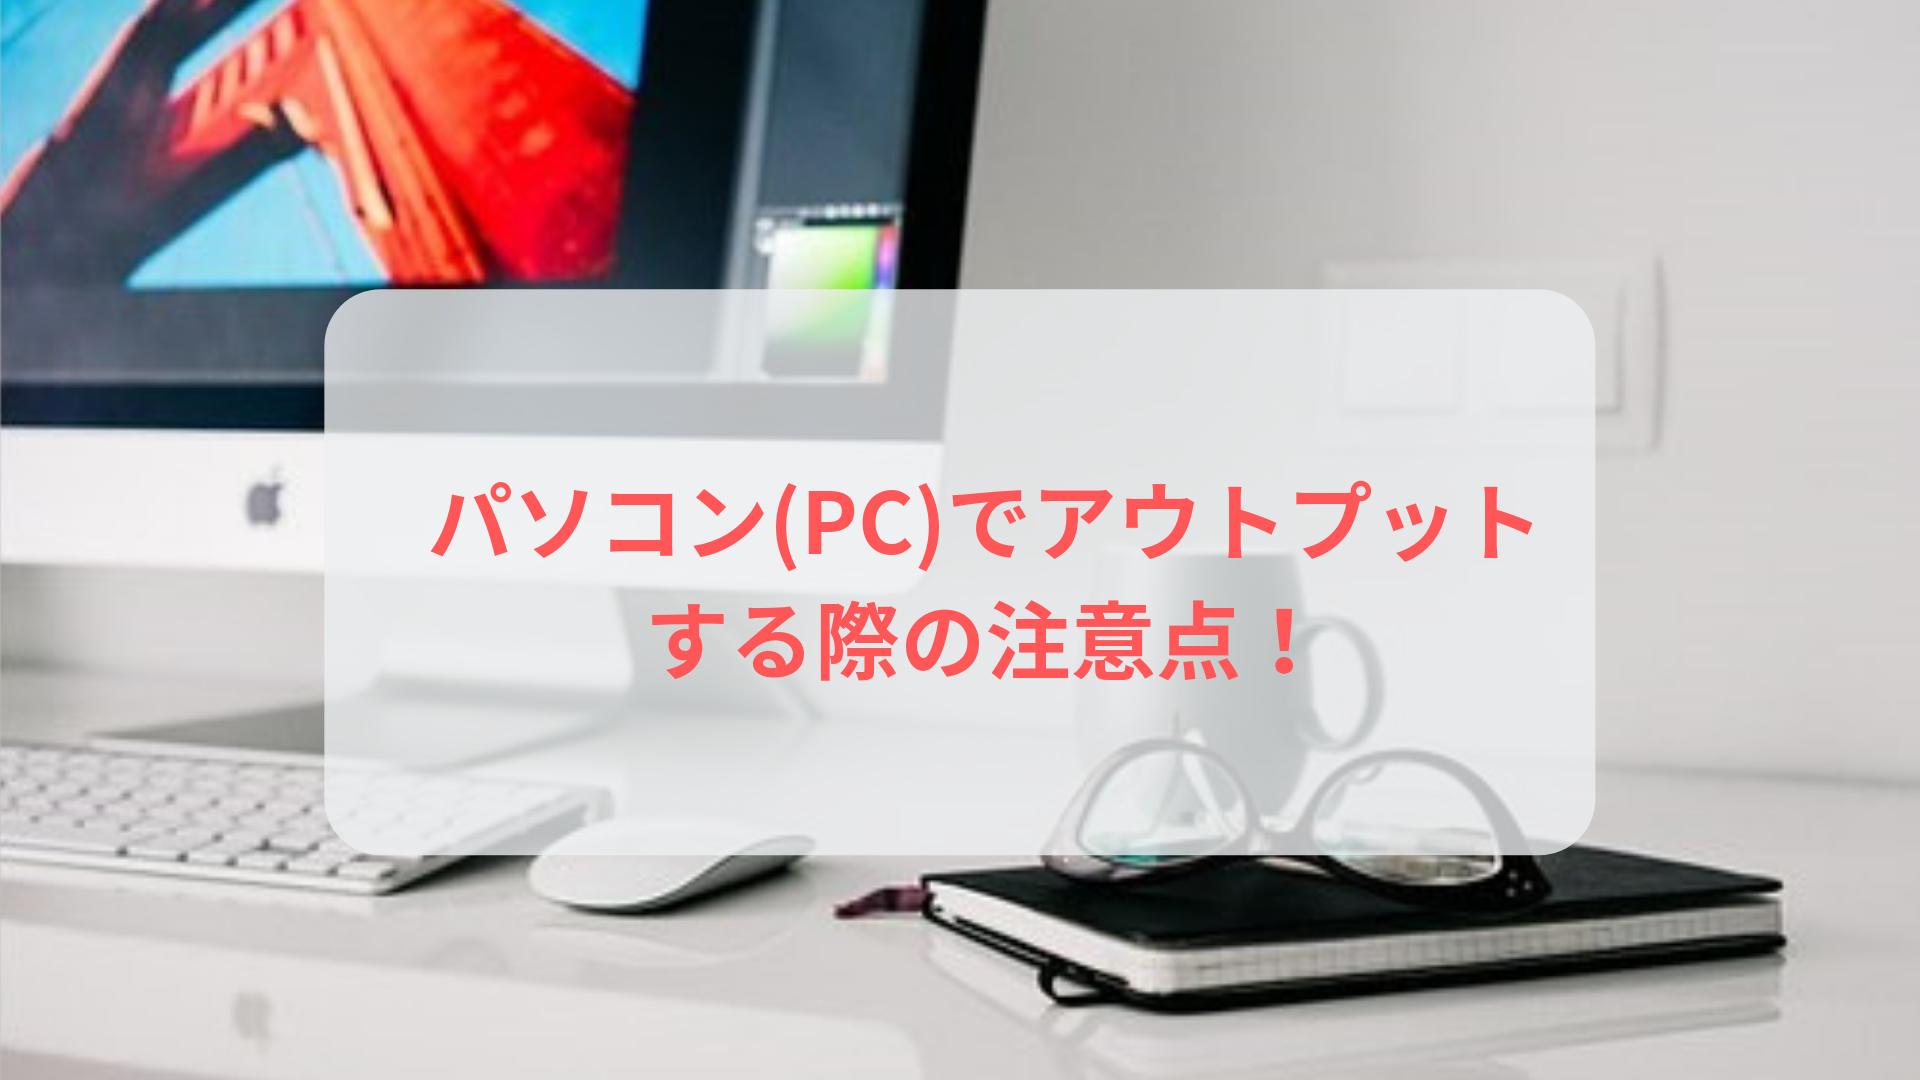 パソコン(PC)でアウトプットする際の注意点!
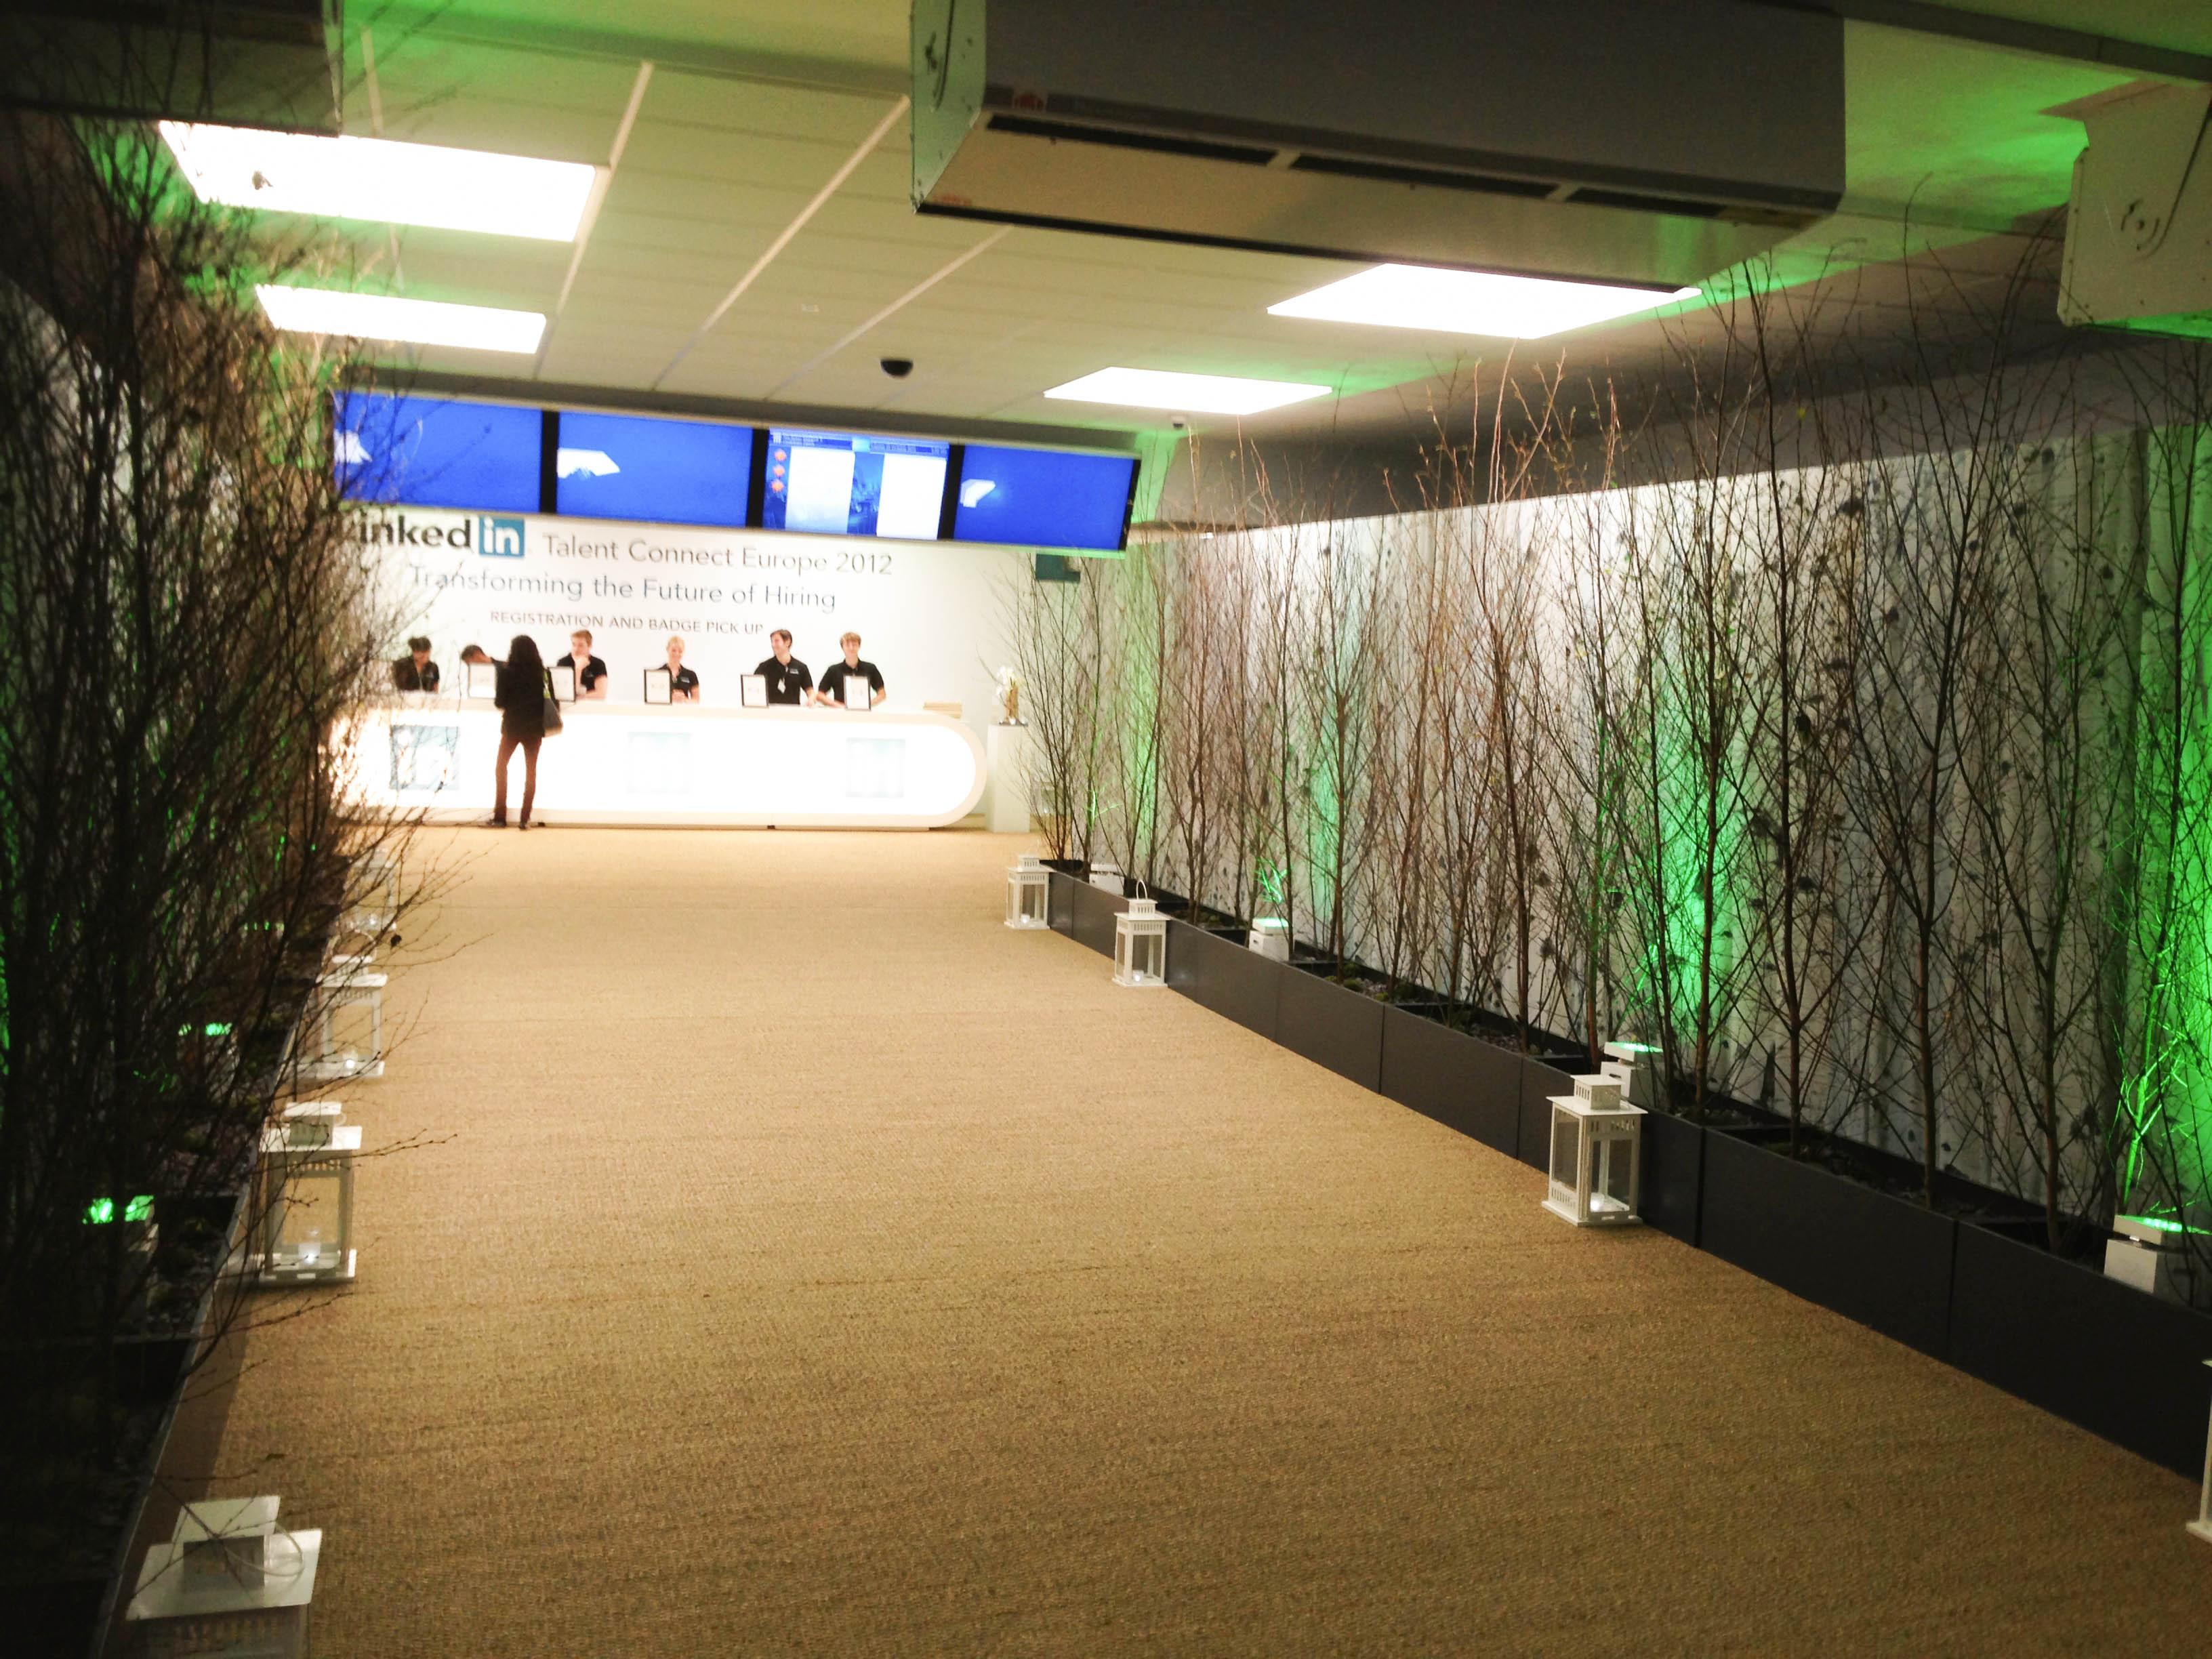 """""""Registration entrance at Linkedin Talent Connect Europe 2012"""""""
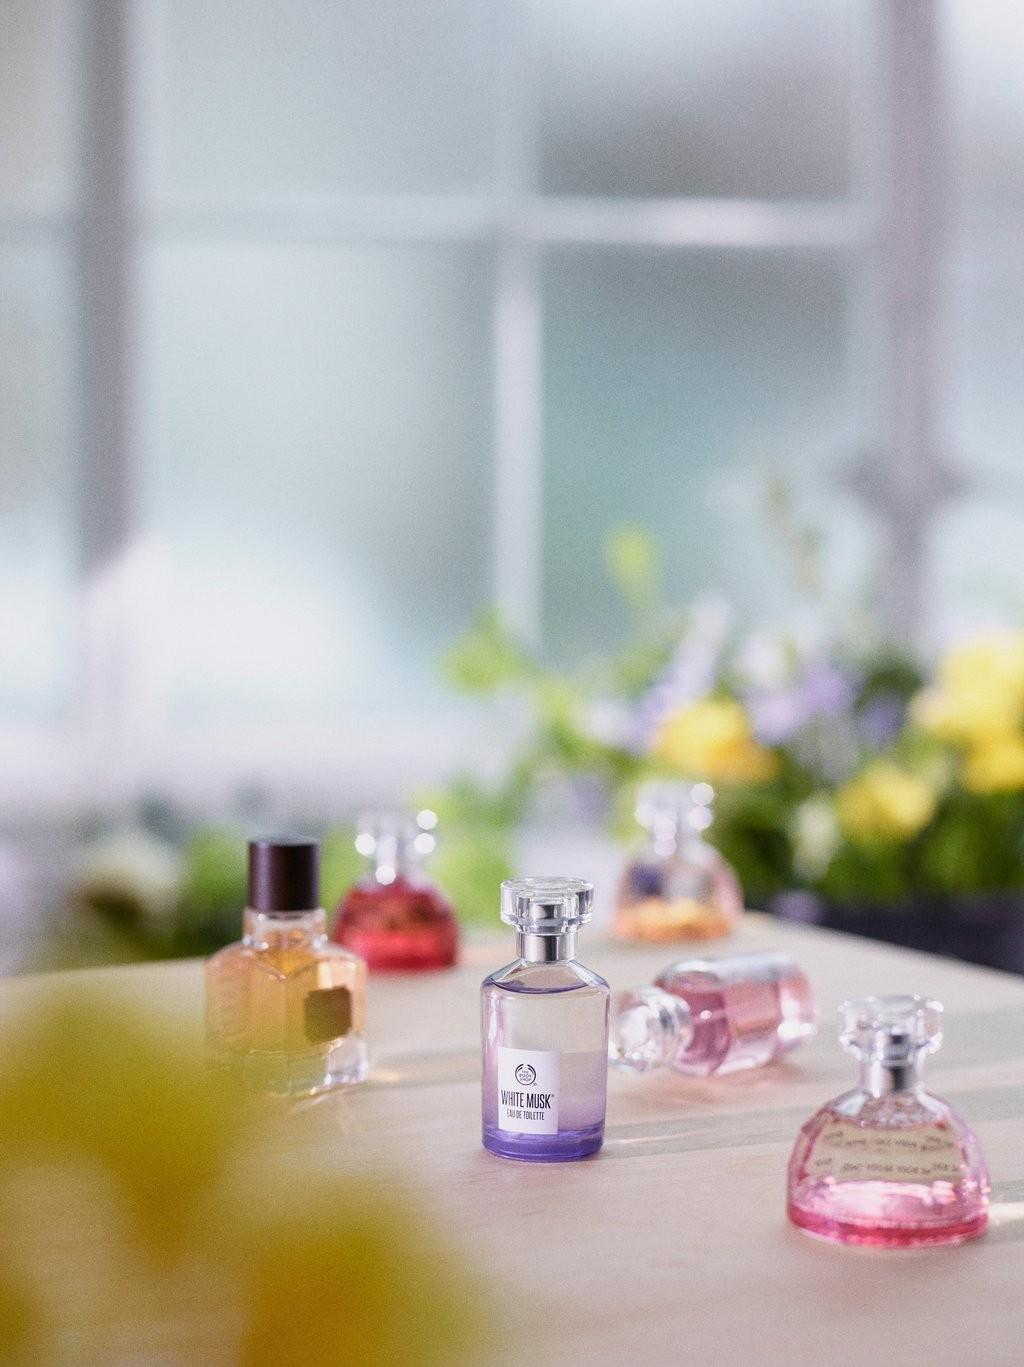 Bouteilles de parfum The Body Shop

# Task description
Output, exactly and without pictures, the span of lines that starts at the line containing "entrance at Linkedin" and ends at the last line above.

# Task answer
 """""""Registration entrance at Linkedin Talent Connect Europe 2012"""""""
 Bouteilles de parfum The Body Shop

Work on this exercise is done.